'''
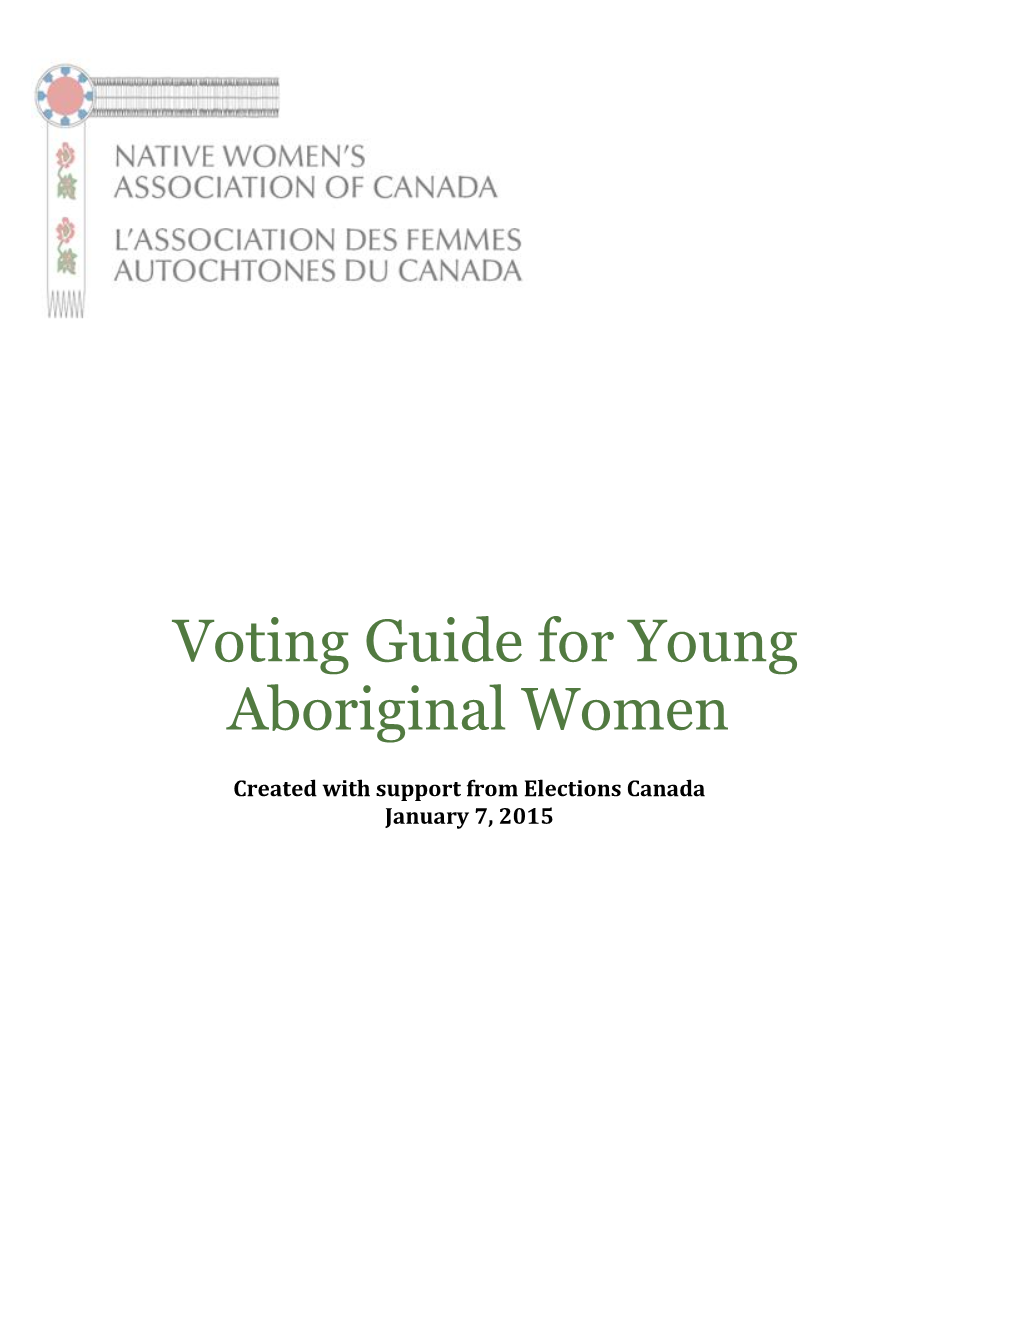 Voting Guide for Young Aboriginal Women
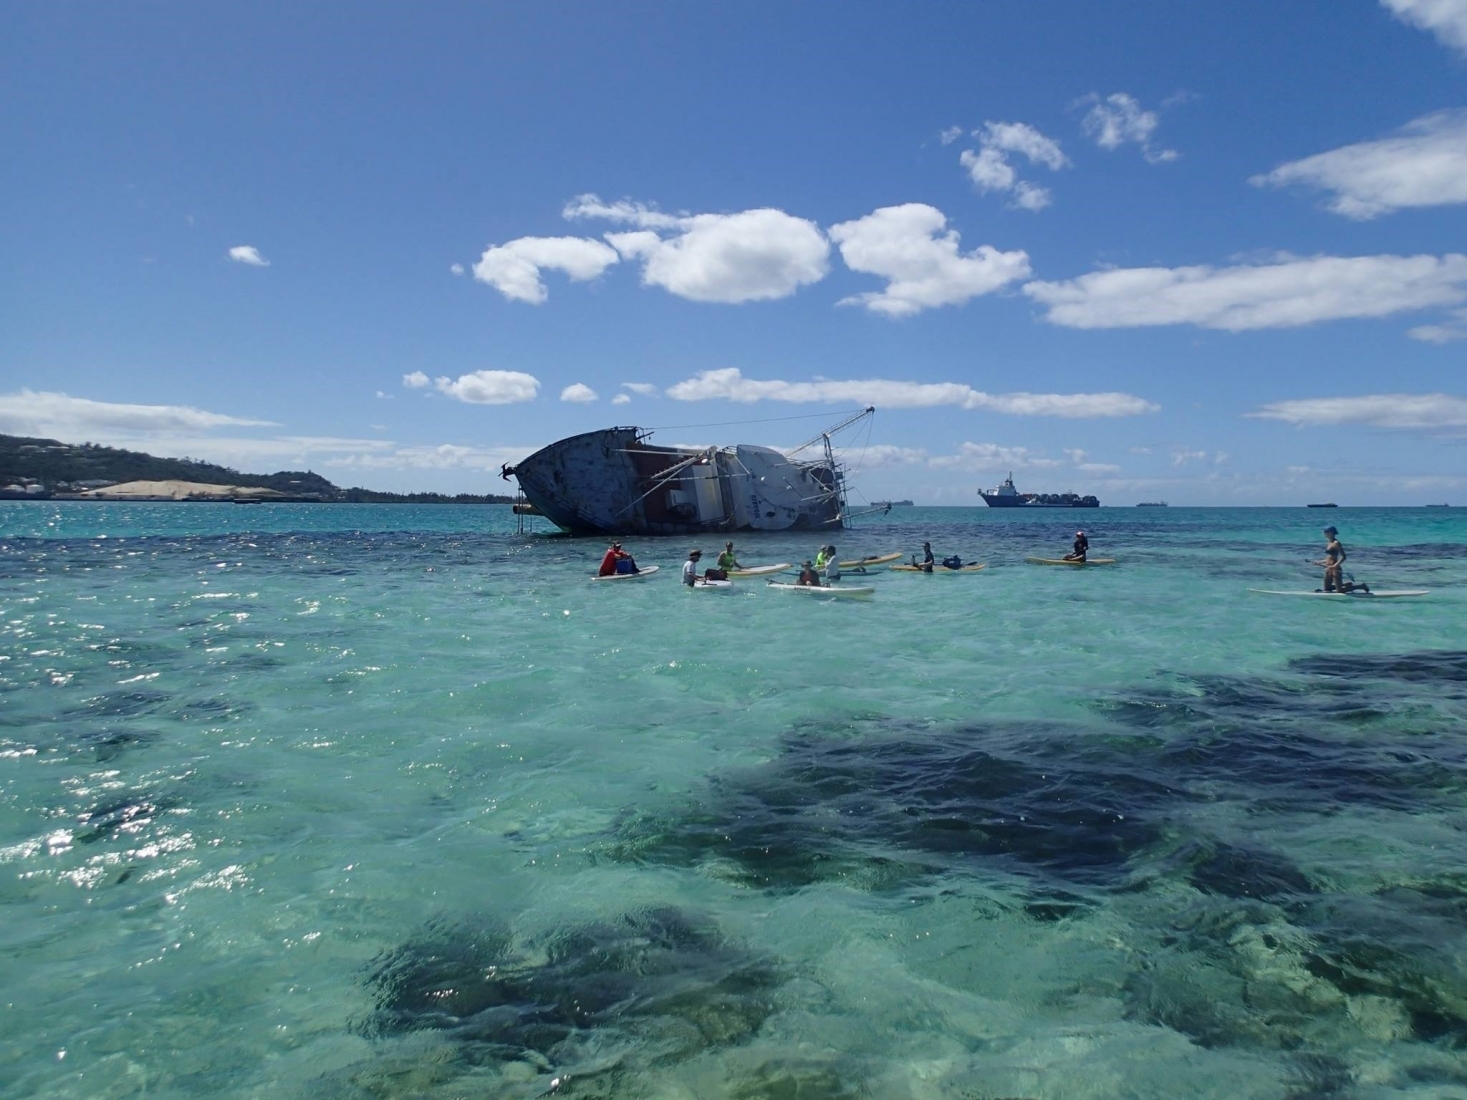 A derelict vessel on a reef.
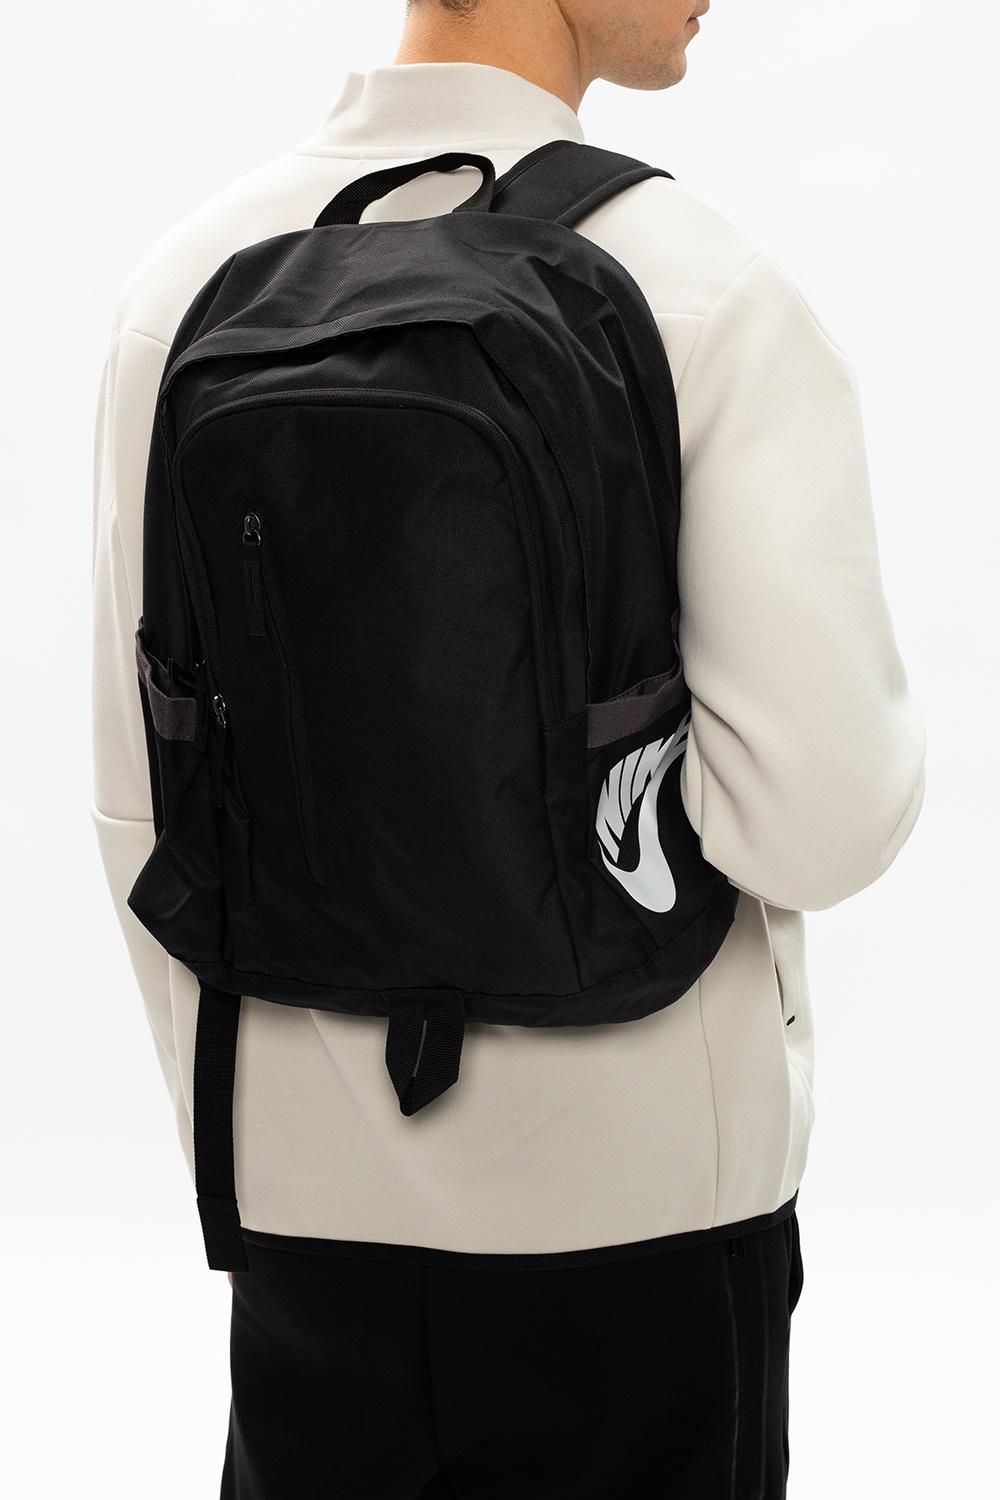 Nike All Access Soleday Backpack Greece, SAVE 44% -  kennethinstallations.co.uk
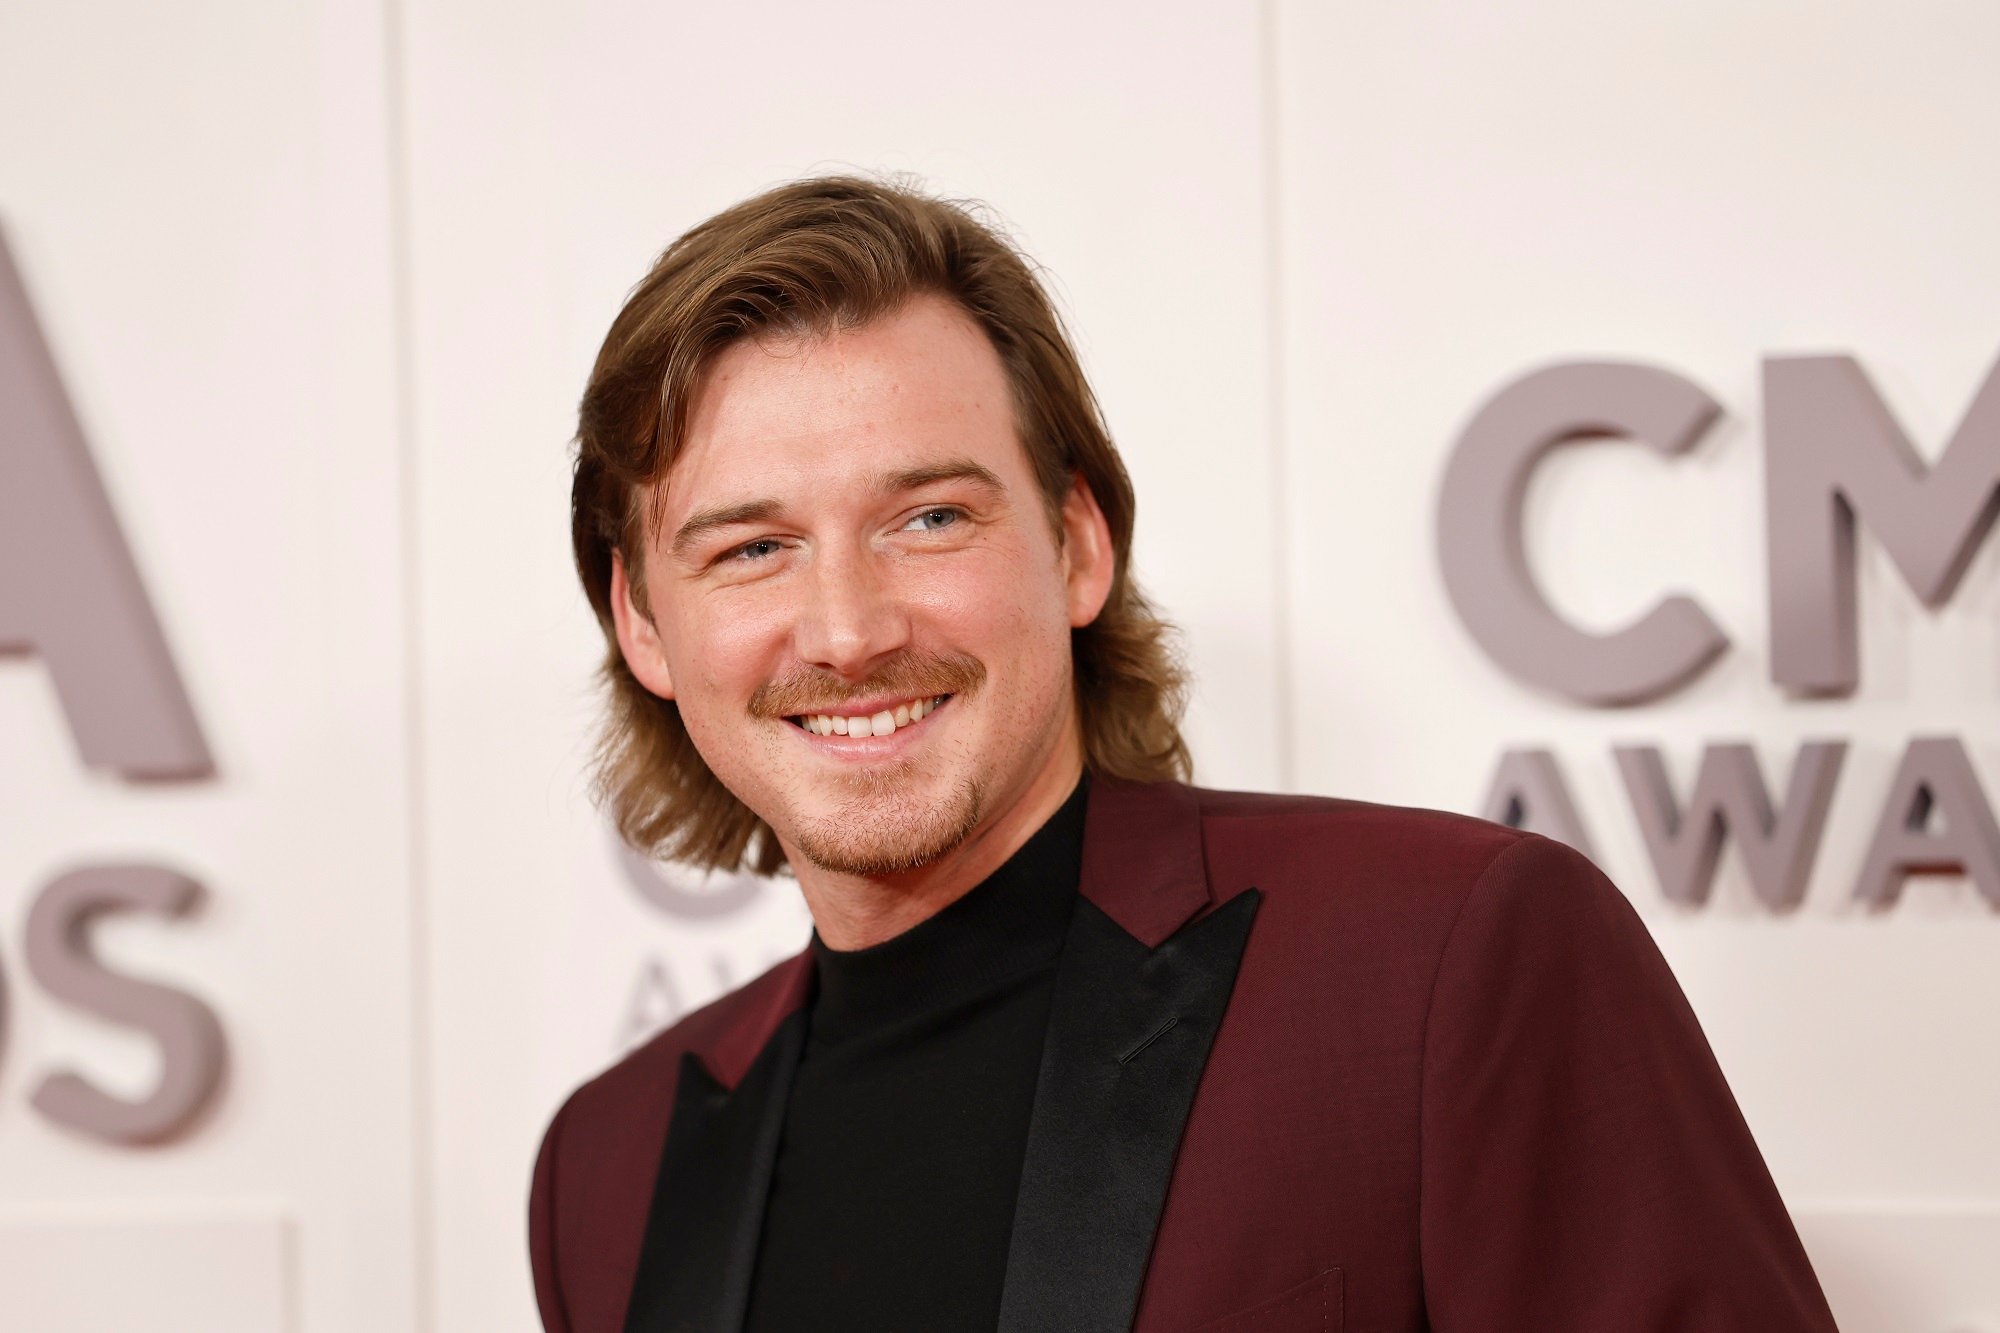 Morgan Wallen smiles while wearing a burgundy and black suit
'''
- [How to complete this task]:
Since pictures are not part of the copy, set down only the remaining data exactly.

- [Solution]:
 Voting Guide for Young Aboriginal Women
 A derelict vessel on a reef.
 Nike All Access Soleday Backpack Greece, SAVE 44% -  kennethinstallations.co.uk
 Morgan Wallen smiles while wearing a burgundy and black suit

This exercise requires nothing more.